QLoRA: Fine-Tuning on Consumer Hardware

QLoRA combines 4-bit NormalFloat quantization (NF4) of the base model with LoRA training. The 4-bit weights are dequantized to BF16 during the forward pass, maintaining training quality while dramatically reducing memory:

QLoRA with TRL SFTTrainer (complete example for Llama-3-8B on a single 24GB GPU):

from transformers import AutoModelForCausalLM, BitsAndBytesConfig
from peft import LoraConfig
from trl import SFTTrainer, SFTConfig
import torch

# 4-bit quantization config
bnb_config = BitsAndBytesConfig(
    load_in_4bit=True,
    bnb_4bit_quant_type="nf4",
    bnb_4bit_compute_dtype=torch.bfloat16,
    bnb_4bit_use_double_quant=True,  # double quantization saves ~0.4 bits/param
)

model = AutoModelForCausalLM.from_pretrained(
    "meta-llama/Meta-Llama-3-8B",
    quantization_config=bnb_config,
    device_map="auto",
    attn_implementation="flash_attention_2",  # 3x speedup on Ampere+
)

peft_config = LoraConfig(
    r=64,
    lora_alpha=128,
    lora_dropout=0.05,
    bias="none",
    target_modules="all-linear",
    task_type="CAUSAL_LM",
)

training_args = SFTConfig(
    output_dir="./output",
    num_train_epochs=3,
    per_device_train_batch_size=2,
    gradient_accumulation_steps=4,
    learning_rate=2e-4,
    lr_scheduler_type="cosine",
    warmup_ratio=0.1,
    bf16=True,
    gradient_checkpointing=True,
    packing=True,           # pack short sequences for efficiency
    max_seq_length=4096,
    logging_steps=10,
    save_steps=100,
)

trainer = SFTTrainer(
    model=model,
    args=training_args,
    train_dataset=dataset,
    peft_config=peft_config,
)
trainer.train()
trainer.save_model()

Trade-off: QLoRA reduces VRAM by ~6GB vs standard LoRA (21GB → 14GB for 7B models) at the cost of ~30% slower training. For most agent fine-tuning tasks, QLoRA is the correct default.

DPO: Alignment Without the Reinforcement Learning Complexity

Direct Preference Optimization eliminates the RLHF complexity (reward model training, PPO optimization) by directly training on preference pairs using a binary cross-entropy loss that analytically approximates the RL objective.

DPO vs RLHF comparison:

Aspect	RLHF/PPO	DPO
Steps	4 (SFT → reward model → RL → eval)	2 (SFT → DPO)
Stability	Prone to reward hacking, PPO instability	Stable supervised learning
Compute	Requires reward model inference during training	No separate reward model
Data format	Human rankings → reward model	(prompt, chosen, rejected) pairs
Quality	Marginally better on complex tasks	Equivalent or better for most use cases

For agent platforms, DPO is the right choice for: improving tool use quality, reducing refusals, aligning tone/style, and improving instruction following.
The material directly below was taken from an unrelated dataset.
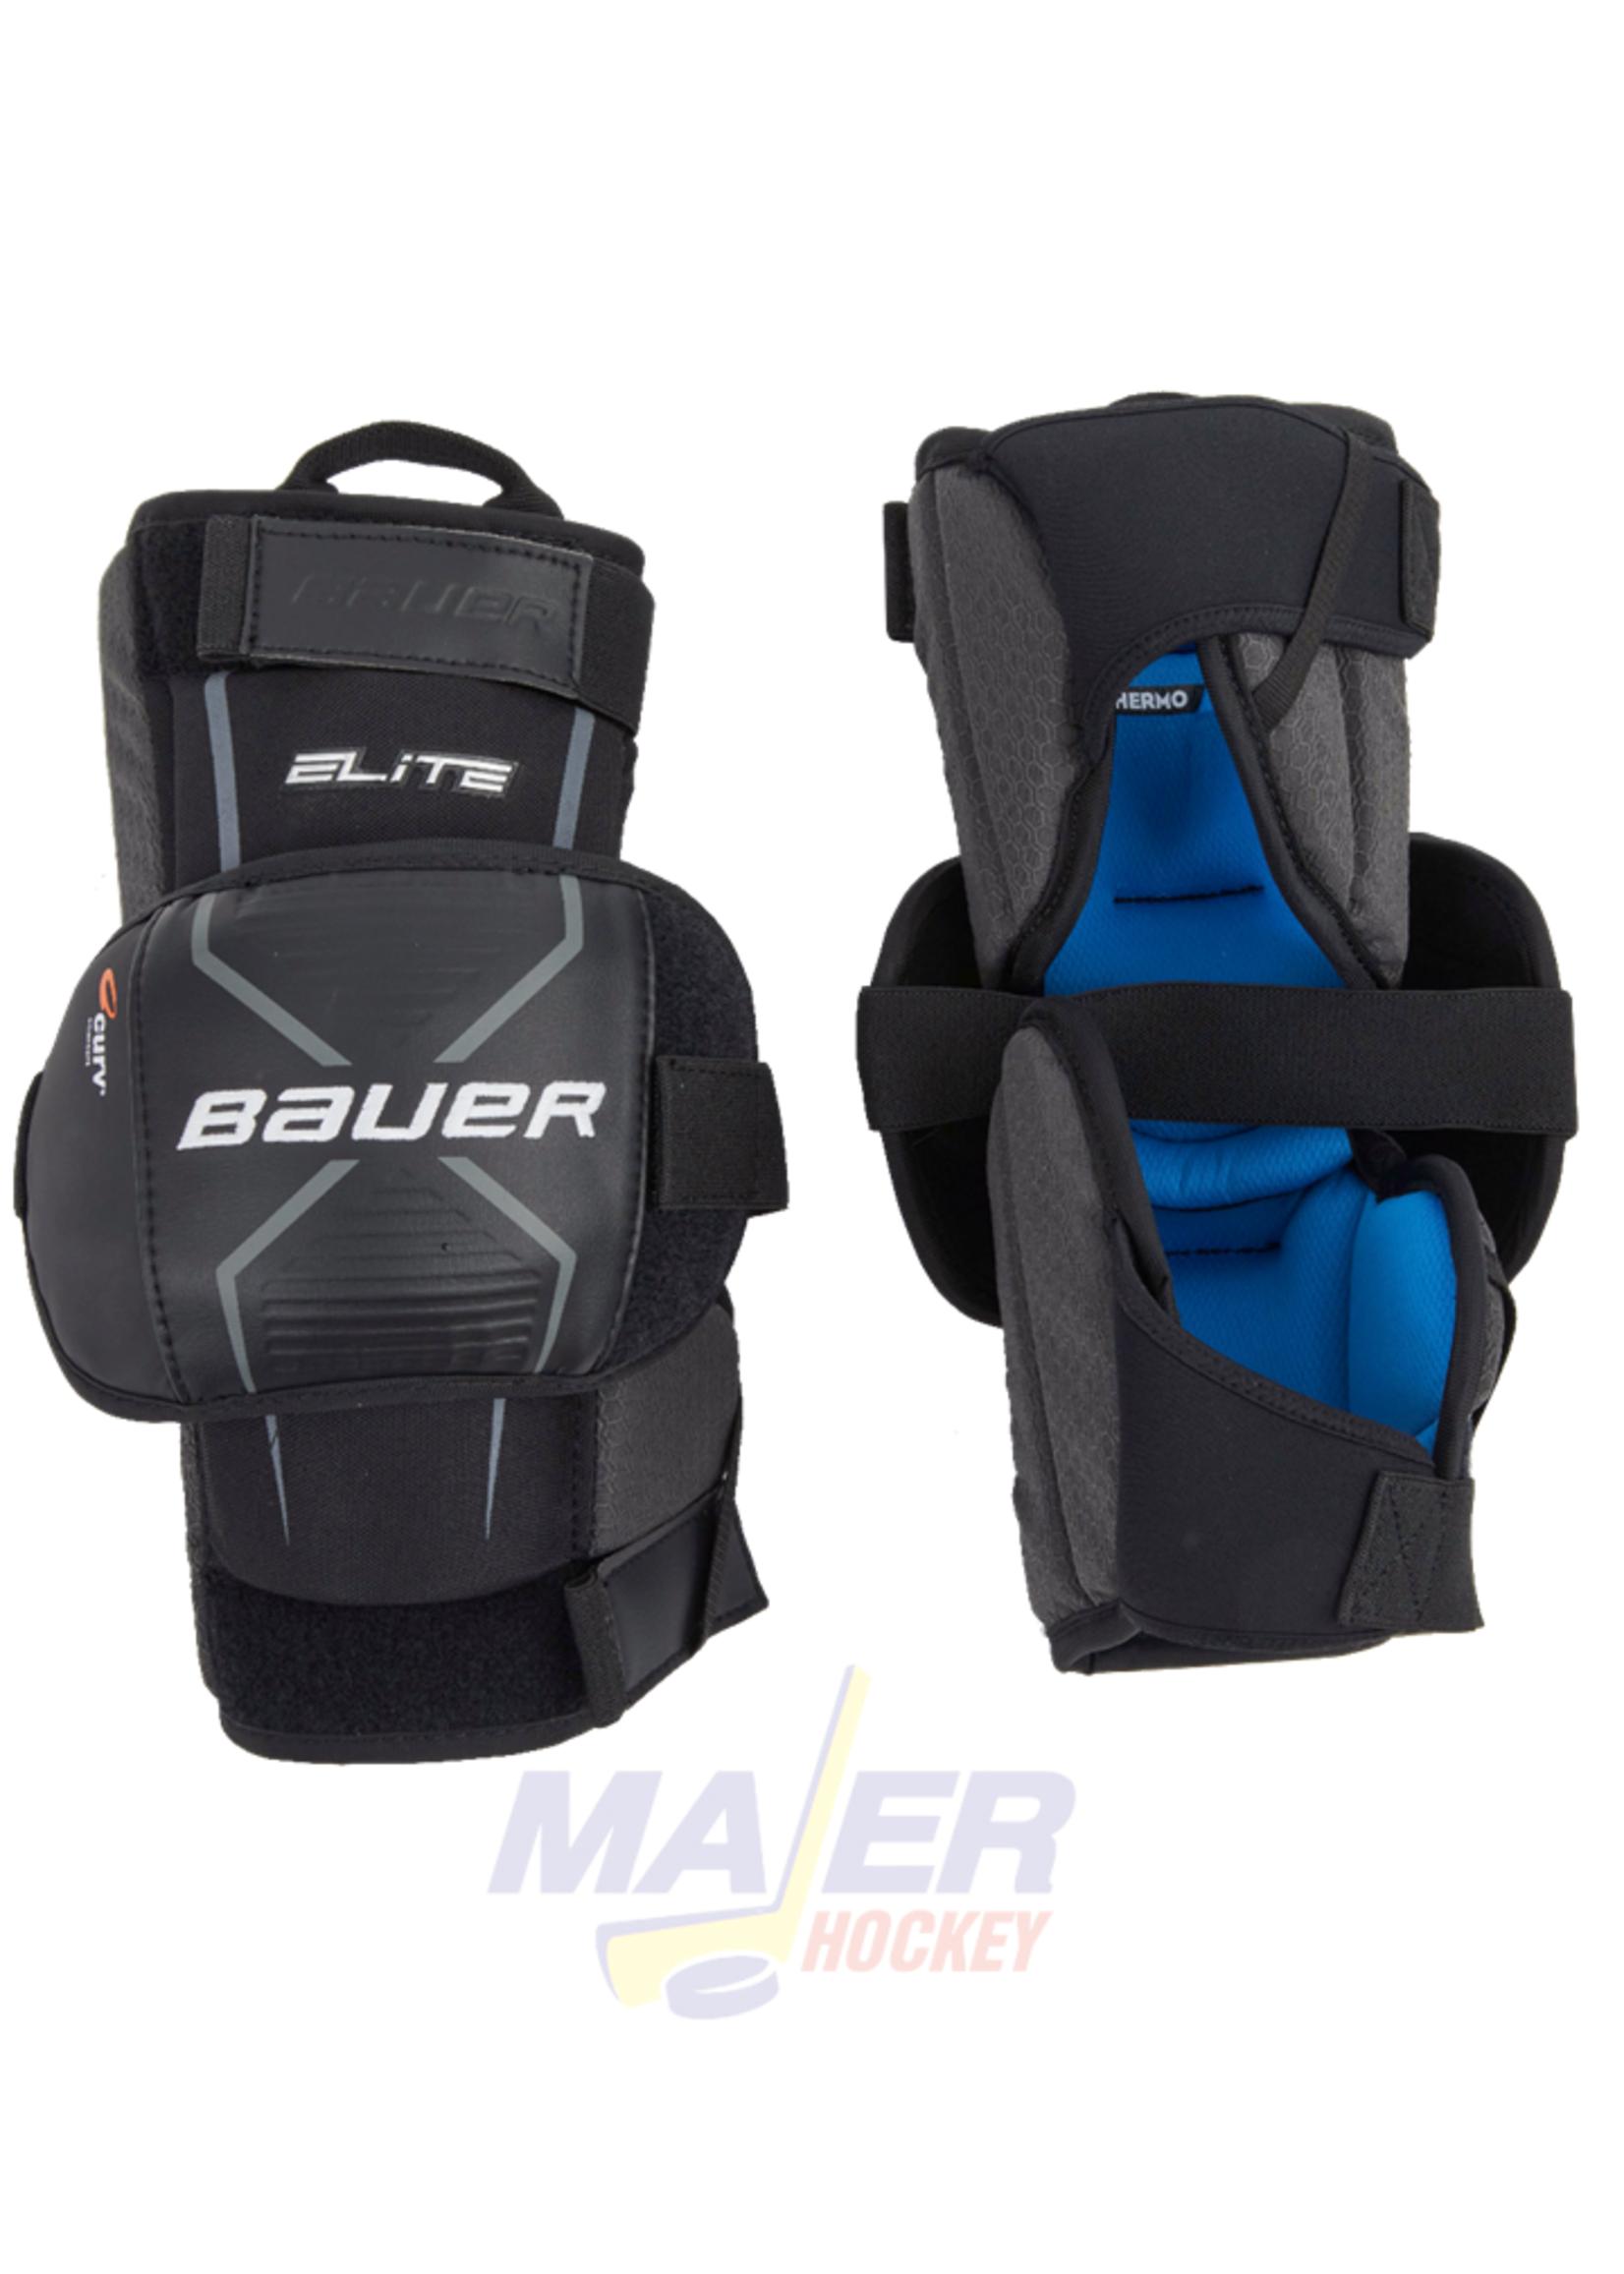 Bauer Elite Goalie Knee Guards

RLHF/PPO is still preferred for: complex safety alignment, nuanced value alignment tasks, or when you have human labelers producing a continuous feedback stream.

from trl import DPOTrainer, DPOConfig

# Dataset format: {"prompt": "...", "chosen": "...", "rejected": "..."}
training_args = DPOConfig(
    beta=0.1,              # KL divergence penalty (0.1-0.5, lower = more divergence allowed)
    output_dir="./dpo_output",
    num_train_epochs=1,
    per_device_train_batch_size=2,
    gradient_accumulation_steps=4,
    learning_rate=5e-6,    # lower than SFT
    bf16=True,
    remove_unused_columns=False,
)

dpo_trainer = DPOTrainer(
    model=sft_model,
    ref_model=sft_model_ref,  # frozen copy of the SFT model
    args=training_args,
    train_dataset=preference_dataset,
    tokenizer=tokenizer,
)
dpo_trainer.train()

Synthetic Data: Scaling Training Data Without Human Labelers

For teams without large labeled datasets, synthetic data generation is the practical path. The key insight: open-source "teacher" models (Mixtral, Qwen 2.5-72B) can generate training data for "student" models without violating API terms of service (unlike using OpenAI API outputs).

Cost comparison for 1M labeled examples:

Custom fine-tuned model inference: ~$2.70
GPT-3.5 API annotation: ~$153
GPT-4 API annotation: ~$3,061

The workflow:

Define 50-200 seed examples representing desired behavior
Use a capable open-source model (Mixtral 8x7B or Qwen 2.5-72B) with Chain-of-Thought prompting to generate expanded examples
Apply Self-Consistency (generate 5x, majority vote) to improve label quality
Validate 5-10% of examples manually using Argilla or LabelStudio
Fine-tune the target (smaller) model on validated synthetic data

Chain-of-Thought annotation prompt pattern:

annotation_prompt = """
You are an expert annotator. First reason step by step about the correct response,
then provide your final answer.

ALWAYS respond in this JSON format:
{{"reasoning": "step-by-step analysis...", "response": "final answer", "label": "category"}}

Input: {user_input}

JSON response:"""

This approach consistently improves accuracy from ~91% to ~94% versus direct annotation without reasoning.

Serving Infrastructure

vLLM: The Production Standard

vLLM has emerged as the dominant open-source LLM serving framework. v0.6.0 delivered substantial performance improvements:

2.7x higher throughput on Llama 8B
5x faster TPOT (time per output token) on Llama 8B
1.8x higher throughput and 2x lower TPOT on Llama 70B

These gains came from four architectural improvements:

Separated API server and inference engine processes (eliminating Python GIL contention)
Multi-step scheduling (schedule once, execute multiple consecutive steps; -28% CPU overhead)
Asynchronous output processing (overlap with model execution; -8.7% TPOT)
Object caching, non-blocking data transfers (+24% throughput)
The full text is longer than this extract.